Hey you all, there goes Bimbo

Cute isn’t she? She has got a pretty scarf on

Am sure you must have heard her story

Its’ got a bad twist that fills me with fury

See how she walks with so much grace

Moving not so fast but at a steady pace

I used to know her when she was a kid

At four she lost her dad; that she did

Life wasn’t great, neither was it at its worst

She believed her mom when she said “dust to dust”

She was the only child to a pretty young mom

But a foolish one who got pregnant for a bum

They lived a fast life. I was surprised they lasted long.

They never cared for Bimbo; she was free to eat dung

Well, her mum later ran off with her hot-headed man

And left her little girl with money which couldn’t even buy a slice of yam

Everything was bad, miserable was an understatement

Her aunt took her in but not without resentment

It was like the wicked step mom and the two ugly step sisters

Only she didn’t have sisters but four crazy cousin-brothers

 You can be sure, we heard lots of tales

Few to smile about, others would only leave you pale

She was however in luck because she was allowed to go to school

But beyond that, she was treated like a bad carpenter’s tool

Her cousins were hot-headed, generally notorious

They did things to young girls that made their parents furious

I can’t speak for our pretty friend Bimbo

Because I can’t say what the boys did or didn’t do

At sixteen she was already making heads turn

Including me and my sixty-two years old friend called John

I even remember, there was also a scandal

Young teachers, whatever they are up to with the kids I wonder

As you would presume, a young man lost his job

And no one even let out as much as a sob.

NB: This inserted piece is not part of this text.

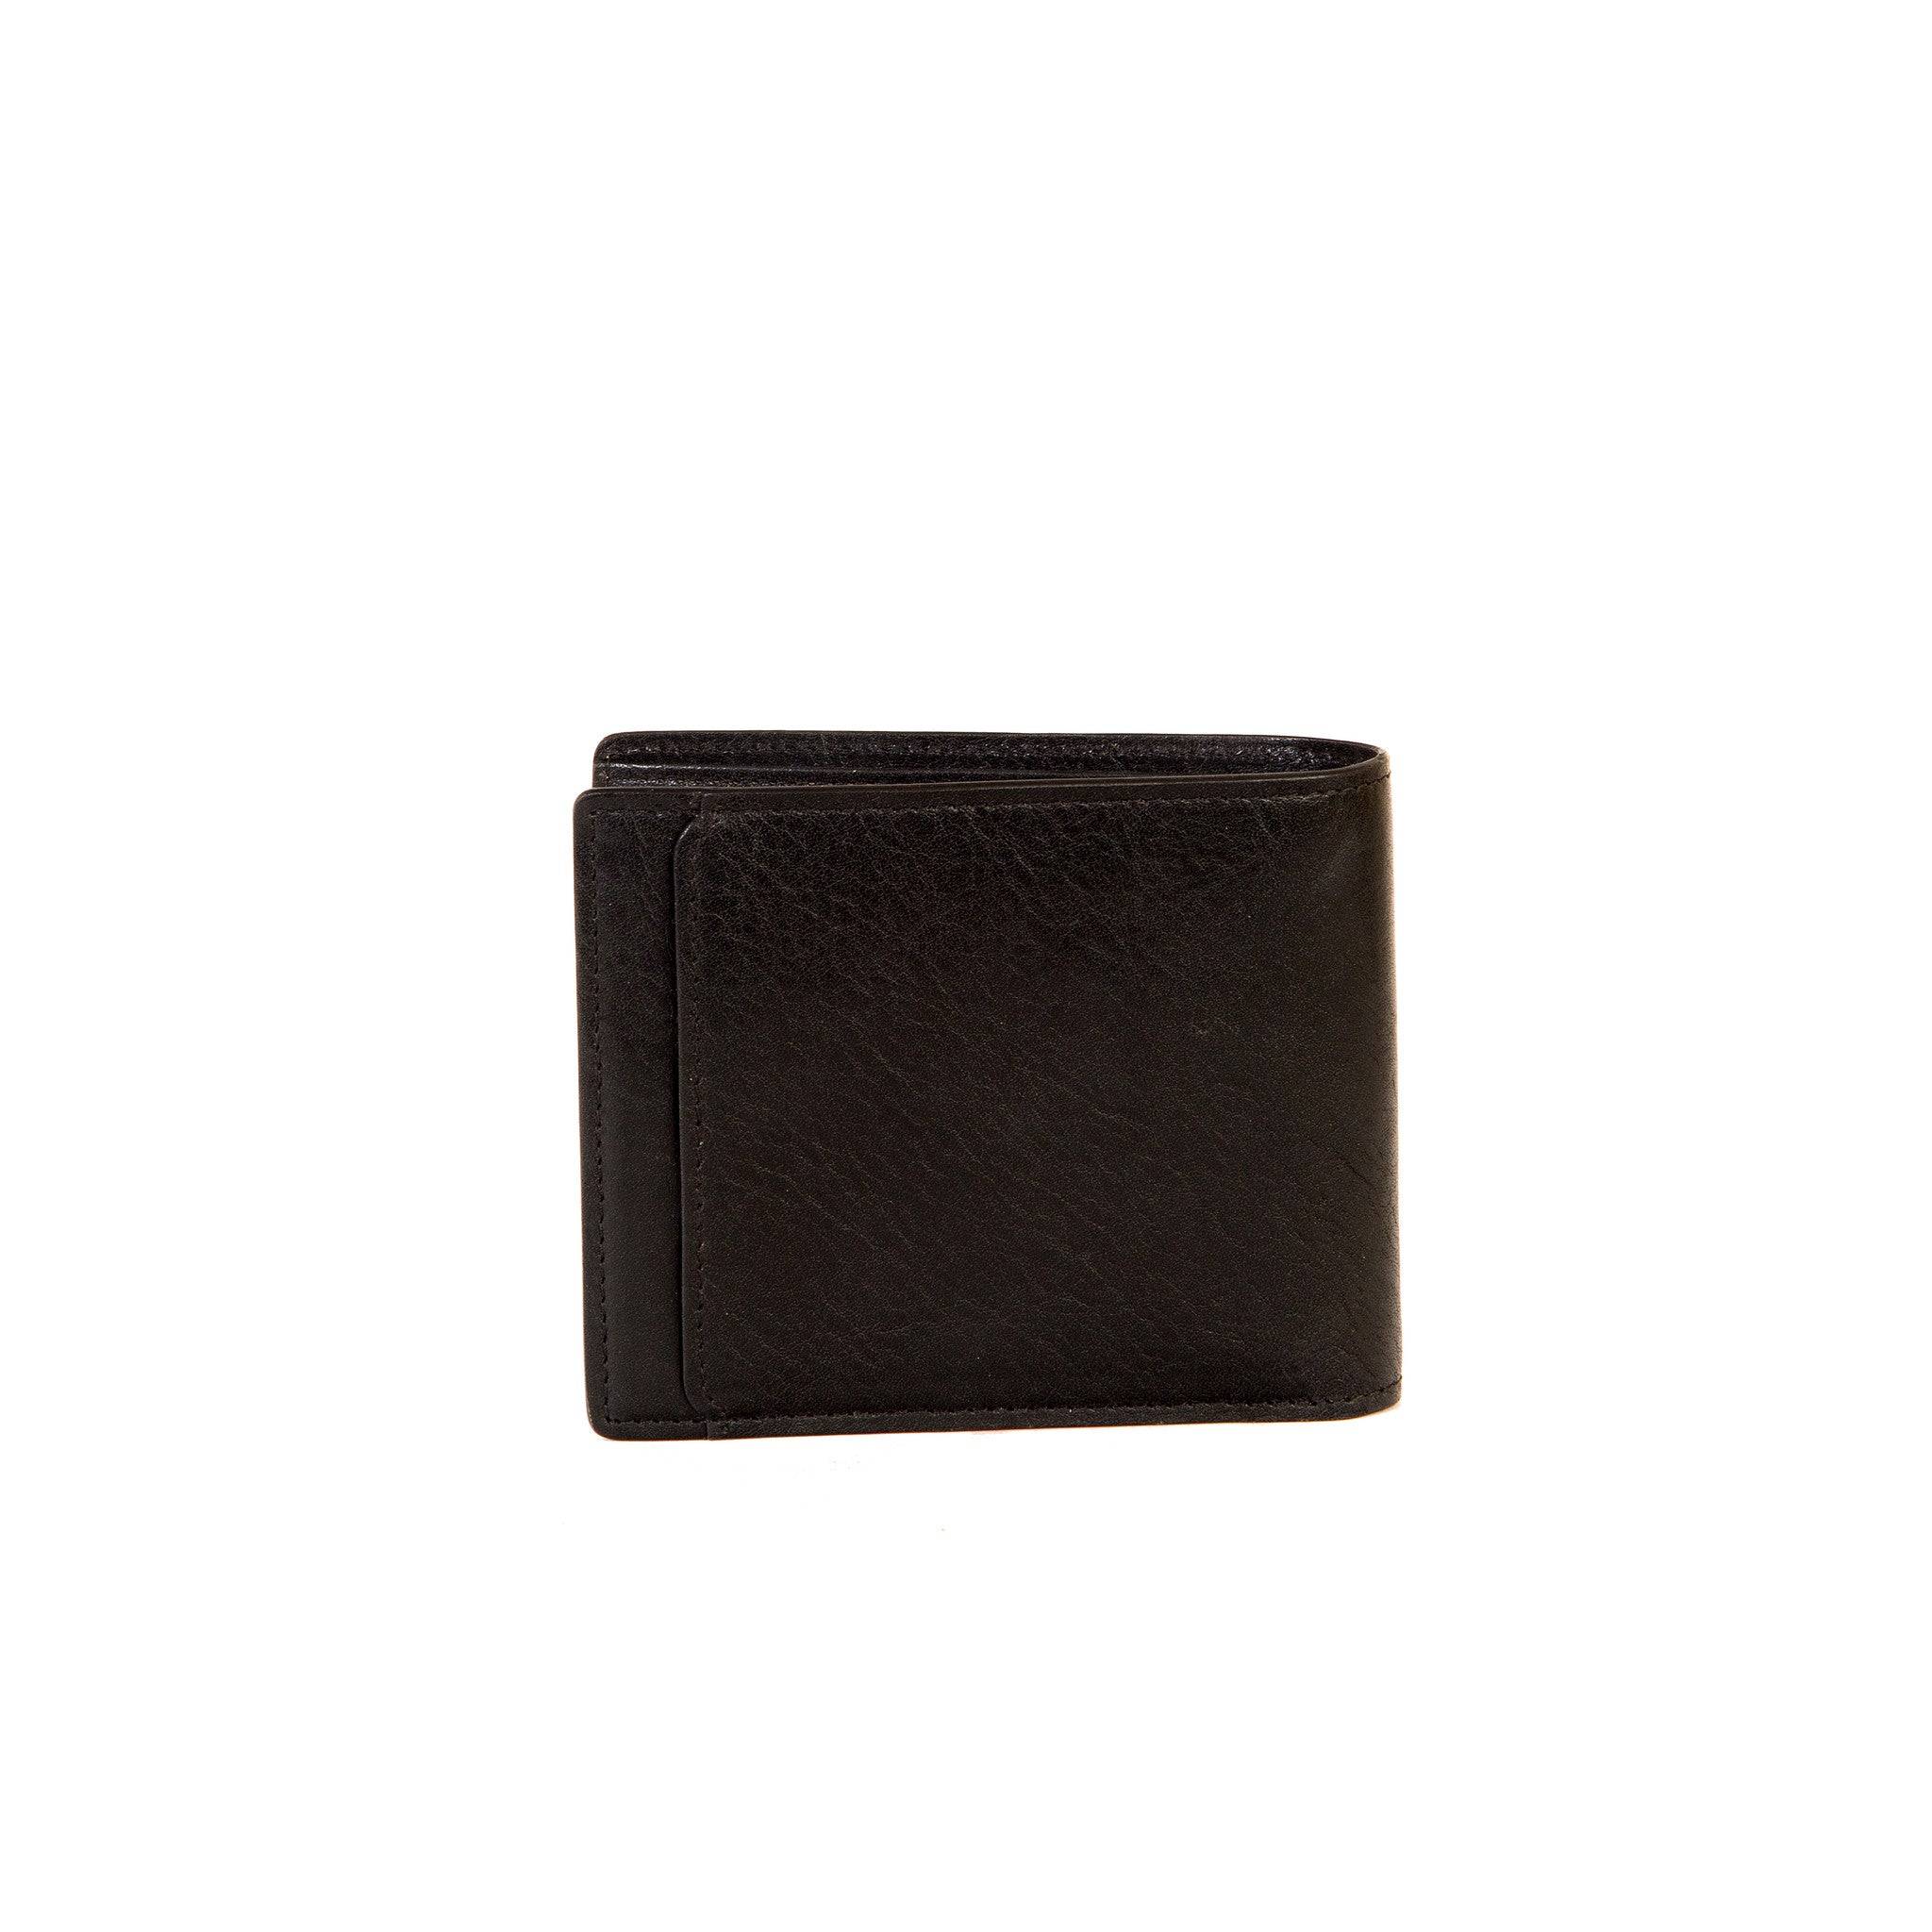 Becker Leather Billfold Wallet – Boconi Bags & Leather Goods

With the aunt and crazy cousins on her neck

Not forgetting the uncle who was a lazy and randy jerk

Bimbo felt things couldn’t get worse

But that wasn’t to be, as her uncle came to her one day with much force

It all ended messy, a crying girl and a pool of blood

A widowed wife, four sons, a lazy but very dead sod

She was kicked out of the house into the street

Even then she didn’t have any shoes on her feet

She paid dearly for her great deed; if you get the irony

A world with one less problem and she in the street without money

Am not much a believer but maybe it was her destiny

Because her school gave her a scholarship without her paying a penny

And the goodwill of the community gave her shelter

She was fed and clothed and couldn’t ask for better

She got her degrees and got a good position in a bank

Everything was fine until she read her dying mom’s letter and her heart sank

The runaway mom finally got settled with a new lover; cancer

And it toyed with her life like it was a prankster

In her letter she said she couldn’t hold back the truth

About Bimbo’s real father, the one she met in her youth

He was a nice man she affirmed, but an affair was an affair

She ran off with another and this separated the pair

 Oh! Here comes Bimbo; she smiles as she sees me

She pauses when she gets to me, “hi dad” she says to me.

13 thoughts on “Bimbo” by weirdpile (@weirdpile)

  1. Wow…..A great piece this is, well done.

  2. I like this your ‘prosetry’…Wonderful..I love that things turned out better for Bimbo…Well done Weirdpile..

  3. nice one. It is not very easy to imbue a poem with a prosaic style but you kinda pulled it off.

    You did well. Keep improving your art.

  4. A standing ovation 4 u…….ds is good,d rhymes flow with ease,d language is simple bt drives home d msg…..a great narrative piece.

  5. So, you’re the father, and you watch your daughter go through all that? You deserve to be hanged.

    Nice one.

  6. Ummmm, how do we know if Bimbo is pretty when we can’t see her?…..

    Nice narrative poem. Really cool. Hope the eyes you had on her weren’t eyes of desire…

  7. I was consistently looking out for the rhymes and you hit me ggod when ever i glanced. Nice one.

  8. This is really nice.Loved that the rhymes were consisitent.That is no easy feat to achieve.

    Well done!!!

  9. Finally.

    A unique piece of poetry…intense. Nice.

    You really did well…

  10. This is different.
    Good job jare.

  11. Interesting ‘proem’, @weirdpile. I felt the first half of the story was believable, if predictable; the second half where everything just resolved themselves for Bimbo, not so believable.

    Your rhymes feel forced, and are not strictly speaking accurate; for example, ‘story’ does not rhyme with ‘fury’; ‘man does not rhyme with ‘yam’. I would just forgetting about trying to make the rhymes work and focus more on making the words paint pictures, which after all is what good poetry should be all about.

  12. Hilariously nice (and i mean that in a good way)

  13. Nice work… I like it…
    But ‘am’ is not ‘I’m’. I wonder why U all keep making this mistake.